*PROBLEM DESCRIPTION:*
The stretch wanted below opens at the line containing "US Soccer goalkeeper" and closes at the line containing "Can Trichomoniasis Go Away On Its Own?". Please return it exactly, with no other lines.

Dataset entries
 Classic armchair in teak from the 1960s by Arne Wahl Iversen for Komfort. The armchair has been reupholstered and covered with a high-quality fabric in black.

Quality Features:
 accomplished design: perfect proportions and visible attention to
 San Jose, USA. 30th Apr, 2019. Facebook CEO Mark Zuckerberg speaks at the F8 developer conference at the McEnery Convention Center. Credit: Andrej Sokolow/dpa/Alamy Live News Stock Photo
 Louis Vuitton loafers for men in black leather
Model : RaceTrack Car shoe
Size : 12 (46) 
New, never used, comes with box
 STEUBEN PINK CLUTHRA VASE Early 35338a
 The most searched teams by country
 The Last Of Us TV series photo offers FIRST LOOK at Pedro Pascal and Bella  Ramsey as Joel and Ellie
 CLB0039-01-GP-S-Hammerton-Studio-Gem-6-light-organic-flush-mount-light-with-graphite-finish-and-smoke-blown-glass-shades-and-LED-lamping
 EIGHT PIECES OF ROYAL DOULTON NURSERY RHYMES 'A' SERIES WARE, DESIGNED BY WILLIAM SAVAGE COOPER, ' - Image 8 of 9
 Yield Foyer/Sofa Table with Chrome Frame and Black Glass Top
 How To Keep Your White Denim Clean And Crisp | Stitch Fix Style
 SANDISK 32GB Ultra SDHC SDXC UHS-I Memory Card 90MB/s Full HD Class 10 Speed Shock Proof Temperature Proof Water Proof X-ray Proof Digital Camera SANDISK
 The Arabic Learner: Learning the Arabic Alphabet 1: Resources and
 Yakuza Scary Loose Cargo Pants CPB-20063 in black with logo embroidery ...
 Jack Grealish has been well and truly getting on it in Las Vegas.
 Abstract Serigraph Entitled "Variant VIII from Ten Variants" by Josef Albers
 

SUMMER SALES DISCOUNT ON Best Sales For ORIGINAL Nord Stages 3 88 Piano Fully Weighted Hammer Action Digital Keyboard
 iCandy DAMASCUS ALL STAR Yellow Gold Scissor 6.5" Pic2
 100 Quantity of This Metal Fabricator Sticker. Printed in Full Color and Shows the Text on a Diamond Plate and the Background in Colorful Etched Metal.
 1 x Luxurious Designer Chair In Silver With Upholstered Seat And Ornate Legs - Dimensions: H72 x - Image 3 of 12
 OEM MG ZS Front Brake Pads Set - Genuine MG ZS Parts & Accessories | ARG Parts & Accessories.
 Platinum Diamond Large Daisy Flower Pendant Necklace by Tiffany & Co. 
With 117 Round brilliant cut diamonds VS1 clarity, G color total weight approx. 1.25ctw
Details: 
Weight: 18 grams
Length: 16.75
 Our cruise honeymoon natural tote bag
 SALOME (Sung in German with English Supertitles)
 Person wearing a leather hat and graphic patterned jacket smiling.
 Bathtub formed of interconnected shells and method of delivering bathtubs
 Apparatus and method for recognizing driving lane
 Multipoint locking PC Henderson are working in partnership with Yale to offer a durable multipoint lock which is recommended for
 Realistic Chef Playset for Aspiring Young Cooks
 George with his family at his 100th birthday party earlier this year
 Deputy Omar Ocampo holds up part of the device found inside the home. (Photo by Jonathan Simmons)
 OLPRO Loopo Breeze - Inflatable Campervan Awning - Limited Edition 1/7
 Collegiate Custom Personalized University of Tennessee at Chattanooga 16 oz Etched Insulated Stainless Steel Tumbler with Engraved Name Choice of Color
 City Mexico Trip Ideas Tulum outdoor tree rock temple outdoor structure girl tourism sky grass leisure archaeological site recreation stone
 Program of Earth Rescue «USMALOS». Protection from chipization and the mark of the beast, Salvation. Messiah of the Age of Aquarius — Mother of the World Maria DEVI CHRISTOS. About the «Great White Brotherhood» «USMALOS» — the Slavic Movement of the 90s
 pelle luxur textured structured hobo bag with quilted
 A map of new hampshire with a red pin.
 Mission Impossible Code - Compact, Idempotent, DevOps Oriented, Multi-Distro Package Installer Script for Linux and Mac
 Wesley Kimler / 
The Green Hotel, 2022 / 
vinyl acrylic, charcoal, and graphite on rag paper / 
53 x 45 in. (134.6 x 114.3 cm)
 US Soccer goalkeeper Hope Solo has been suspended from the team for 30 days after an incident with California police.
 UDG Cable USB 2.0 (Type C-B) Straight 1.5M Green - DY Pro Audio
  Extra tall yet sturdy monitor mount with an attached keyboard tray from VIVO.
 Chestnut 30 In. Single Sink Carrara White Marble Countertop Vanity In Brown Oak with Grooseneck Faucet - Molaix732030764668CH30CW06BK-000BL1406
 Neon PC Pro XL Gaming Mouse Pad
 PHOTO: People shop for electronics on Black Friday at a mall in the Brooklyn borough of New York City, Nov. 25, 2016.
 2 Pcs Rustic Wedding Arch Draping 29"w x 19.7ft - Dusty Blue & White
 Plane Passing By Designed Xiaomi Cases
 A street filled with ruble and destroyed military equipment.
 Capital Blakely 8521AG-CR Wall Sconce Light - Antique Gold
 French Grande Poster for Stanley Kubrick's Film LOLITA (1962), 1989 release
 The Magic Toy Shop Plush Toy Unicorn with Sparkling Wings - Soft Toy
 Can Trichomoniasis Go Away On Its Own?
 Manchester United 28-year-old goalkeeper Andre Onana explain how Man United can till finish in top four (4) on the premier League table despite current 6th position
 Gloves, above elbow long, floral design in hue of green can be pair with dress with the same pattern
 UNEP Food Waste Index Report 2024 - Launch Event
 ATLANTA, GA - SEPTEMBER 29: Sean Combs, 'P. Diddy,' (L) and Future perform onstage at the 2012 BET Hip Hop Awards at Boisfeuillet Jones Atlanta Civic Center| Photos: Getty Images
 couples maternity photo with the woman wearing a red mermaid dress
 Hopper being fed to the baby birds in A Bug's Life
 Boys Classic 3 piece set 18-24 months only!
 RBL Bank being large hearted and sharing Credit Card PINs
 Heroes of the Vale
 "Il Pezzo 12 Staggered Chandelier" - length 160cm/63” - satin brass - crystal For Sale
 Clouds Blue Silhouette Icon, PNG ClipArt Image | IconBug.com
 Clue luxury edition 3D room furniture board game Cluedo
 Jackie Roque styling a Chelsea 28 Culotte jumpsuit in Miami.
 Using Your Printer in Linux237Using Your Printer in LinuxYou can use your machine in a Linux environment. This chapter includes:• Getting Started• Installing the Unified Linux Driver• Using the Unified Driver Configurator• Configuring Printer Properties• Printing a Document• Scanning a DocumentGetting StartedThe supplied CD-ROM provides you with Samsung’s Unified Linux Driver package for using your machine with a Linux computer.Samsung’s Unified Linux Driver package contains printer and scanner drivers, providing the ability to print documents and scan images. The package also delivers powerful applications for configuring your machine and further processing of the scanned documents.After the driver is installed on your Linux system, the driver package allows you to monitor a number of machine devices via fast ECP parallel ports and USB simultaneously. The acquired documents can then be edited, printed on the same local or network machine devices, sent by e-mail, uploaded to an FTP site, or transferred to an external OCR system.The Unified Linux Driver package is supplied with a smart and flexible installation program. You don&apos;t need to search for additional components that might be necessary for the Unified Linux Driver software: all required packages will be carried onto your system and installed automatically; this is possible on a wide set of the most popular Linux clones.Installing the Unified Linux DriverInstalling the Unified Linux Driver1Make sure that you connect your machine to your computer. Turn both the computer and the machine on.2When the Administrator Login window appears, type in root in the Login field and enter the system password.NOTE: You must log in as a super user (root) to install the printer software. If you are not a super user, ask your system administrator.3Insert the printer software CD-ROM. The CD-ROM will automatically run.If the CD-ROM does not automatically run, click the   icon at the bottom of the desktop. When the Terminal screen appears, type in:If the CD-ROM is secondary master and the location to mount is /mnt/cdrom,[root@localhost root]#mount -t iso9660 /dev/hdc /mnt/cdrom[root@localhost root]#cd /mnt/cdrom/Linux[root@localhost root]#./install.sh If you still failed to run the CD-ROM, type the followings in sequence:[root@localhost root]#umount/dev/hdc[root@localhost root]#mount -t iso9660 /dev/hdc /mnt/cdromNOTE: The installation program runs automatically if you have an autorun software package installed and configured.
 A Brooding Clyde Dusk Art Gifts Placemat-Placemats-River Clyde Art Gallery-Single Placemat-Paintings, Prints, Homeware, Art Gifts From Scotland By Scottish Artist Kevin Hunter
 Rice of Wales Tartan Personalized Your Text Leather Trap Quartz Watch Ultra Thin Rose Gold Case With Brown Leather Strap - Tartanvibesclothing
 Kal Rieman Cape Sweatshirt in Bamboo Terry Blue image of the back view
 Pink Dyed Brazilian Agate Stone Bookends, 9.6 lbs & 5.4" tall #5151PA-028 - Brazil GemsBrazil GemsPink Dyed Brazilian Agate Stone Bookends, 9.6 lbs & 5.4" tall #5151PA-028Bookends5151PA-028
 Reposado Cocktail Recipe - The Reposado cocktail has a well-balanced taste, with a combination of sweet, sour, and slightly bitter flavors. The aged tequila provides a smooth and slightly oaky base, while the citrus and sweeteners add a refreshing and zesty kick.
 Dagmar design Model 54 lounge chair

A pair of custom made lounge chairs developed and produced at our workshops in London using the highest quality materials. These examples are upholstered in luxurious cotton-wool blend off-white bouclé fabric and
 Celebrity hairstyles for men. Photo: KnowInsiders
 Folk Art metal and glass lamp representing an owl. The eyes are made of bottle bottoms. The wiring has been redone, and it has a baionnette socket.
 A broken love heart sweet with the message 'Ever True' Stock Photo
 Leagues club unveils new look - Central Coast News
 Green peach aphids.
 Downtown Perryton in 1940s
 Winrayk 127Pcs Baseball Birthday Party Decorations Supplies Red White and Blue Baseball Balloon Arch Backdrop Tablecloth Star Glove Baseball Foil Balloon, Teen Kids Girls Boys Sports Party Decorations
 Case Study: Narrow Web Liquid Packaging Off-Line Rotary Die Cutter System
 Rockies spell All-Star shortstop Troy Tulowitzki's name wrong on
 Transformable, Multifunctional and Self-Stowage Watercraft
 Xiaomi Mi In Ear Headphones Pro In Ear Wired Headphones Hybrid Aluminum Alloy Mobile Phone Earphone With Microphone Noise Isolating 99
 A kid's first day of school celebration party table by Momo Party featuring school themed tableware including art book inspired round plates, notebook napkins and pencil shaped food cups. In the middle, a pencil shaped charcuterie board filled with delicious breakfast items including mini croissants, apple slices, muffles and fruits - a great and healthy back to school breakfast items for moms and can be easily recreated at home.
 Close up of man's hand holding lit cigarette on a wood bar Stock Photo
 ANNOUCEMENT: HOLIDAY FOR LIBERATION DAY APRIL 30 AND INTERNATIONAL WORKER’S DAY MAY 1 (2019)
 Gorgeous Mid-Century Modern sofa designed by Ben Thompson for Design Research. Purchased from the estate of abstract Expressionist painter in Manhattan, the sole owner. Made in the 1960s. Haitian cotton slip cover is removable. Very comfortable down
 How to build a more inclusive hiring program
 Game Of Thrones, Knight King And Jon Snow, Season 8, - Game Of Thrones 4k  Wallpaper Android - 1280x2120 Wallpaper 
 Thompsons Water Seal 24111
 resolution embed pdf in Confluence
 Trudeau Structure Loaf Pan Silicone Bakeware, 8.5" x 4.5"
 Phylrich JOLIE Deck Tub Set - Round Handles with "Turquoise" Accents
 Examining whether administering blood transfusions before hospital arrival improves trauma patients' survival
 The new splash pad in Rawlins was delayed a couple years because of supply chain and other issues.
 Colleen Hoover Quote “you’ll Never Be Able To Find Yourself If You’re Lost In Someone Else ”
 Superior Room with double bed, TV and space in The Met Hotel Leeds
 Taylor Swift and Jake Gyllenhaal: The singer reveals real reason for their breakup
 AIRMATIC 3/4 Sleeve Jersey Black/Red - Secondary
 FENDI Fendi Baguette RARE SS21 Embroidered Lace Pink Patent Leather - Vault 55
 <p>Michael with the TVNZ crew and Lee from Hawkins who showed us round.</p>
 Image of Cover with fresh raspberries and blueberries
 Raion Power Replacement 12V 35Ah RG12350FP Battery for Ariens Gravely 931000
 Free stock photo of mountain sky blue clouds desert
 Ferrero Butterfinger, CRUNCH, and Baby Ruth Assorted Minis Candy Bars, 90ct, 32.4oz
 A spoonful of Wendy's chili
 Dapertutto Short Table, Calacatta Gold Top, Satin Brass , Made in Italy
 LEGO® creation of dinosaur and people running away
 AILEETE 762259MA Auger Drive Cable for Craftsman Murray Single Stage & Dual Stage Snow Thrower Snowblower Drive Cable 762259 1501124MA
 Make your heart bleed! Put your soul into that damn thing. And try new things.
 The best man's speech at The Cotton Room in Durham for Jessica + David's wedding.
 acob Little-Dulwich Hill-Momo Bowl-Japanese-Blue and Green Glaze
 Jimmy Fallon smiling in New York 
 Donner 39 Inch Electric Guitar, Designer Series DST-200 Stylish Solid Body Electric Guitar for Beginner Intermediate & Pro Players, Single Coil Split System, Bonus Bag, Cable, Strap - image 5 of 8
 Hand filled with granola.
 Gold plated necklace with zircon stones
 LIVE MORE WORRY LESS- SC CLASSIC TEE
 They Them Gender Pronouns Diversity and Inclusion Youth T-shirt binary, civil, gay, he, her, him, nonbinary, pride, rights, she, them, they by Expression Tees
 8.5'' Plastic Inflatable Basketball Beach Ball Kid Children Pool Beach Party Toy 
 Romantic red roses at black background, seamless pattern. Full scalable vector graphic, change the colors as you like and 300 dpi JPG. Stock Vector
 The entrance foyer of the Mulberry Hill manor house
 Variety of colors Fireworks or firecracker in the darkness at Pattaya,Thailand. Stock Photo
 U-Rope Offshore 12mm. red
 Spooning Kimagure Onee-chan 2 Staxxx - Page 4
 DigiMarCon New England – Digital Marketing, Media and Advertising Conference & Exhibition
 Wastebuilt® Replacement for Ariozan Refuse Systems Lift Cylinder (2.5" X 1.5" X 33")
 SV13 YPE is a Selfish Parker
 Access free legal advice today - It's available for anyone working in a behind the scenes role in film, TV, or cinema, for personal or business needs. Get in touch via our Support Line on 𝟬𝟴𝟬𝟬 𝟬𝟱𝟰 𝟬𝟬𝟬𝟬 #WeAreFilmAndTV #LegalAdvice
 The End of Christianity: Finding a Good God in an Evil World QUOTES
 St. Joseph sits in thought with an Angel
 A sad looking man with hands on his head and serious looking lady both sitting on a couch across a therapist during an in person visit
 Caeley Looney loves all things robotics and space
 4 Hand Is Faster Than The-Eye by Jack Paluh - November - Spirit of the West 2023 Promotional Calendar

*SOLUTION TO THIS TASK:*
 US Soccer goalkeeper Hope Solo has been suspended from the team for 30 days after an incident with California police.
 UDG Cable USB 2.0 (Type C-B) Straight 1.5M Green - DY Pro Audio
  Extra tall yet sturdy monitor mount with an attached keyboard tray from VIVO.
 Chestnut 30 In. Single Sink Carrara White Marble Countertop Vanity In Brown Oak with Grooseneck Faucet - Molaix732030764668CH30CW06BK-000BL1406
 Neon PC Pro XL Gaming Mouse Pad
 PHOTO: People shop for electronics on Black Friday at a mall in the Brooklyn borough of New York City, Nov. 25, 2016.
 2 Pcs Rustic Wedding Arch Draping 29"w x 19.7ft - Dusty Blue & White
 Plane Passing By Designed Xiaomi Cases
 A street filled with ruble and destroyed military equipment.
 Capital Blakely 8521AG-CR Wall Sconce Light - Antique Gold
 French Grande Poster for Stanley Kubrick's Film LOLITA (1962), 1989 release
 The Magic Toy Shop Plush Toy Unicorn with Sparkling Wings - Soft Toy
 Can Trichomoniasis Go Away On Its Own?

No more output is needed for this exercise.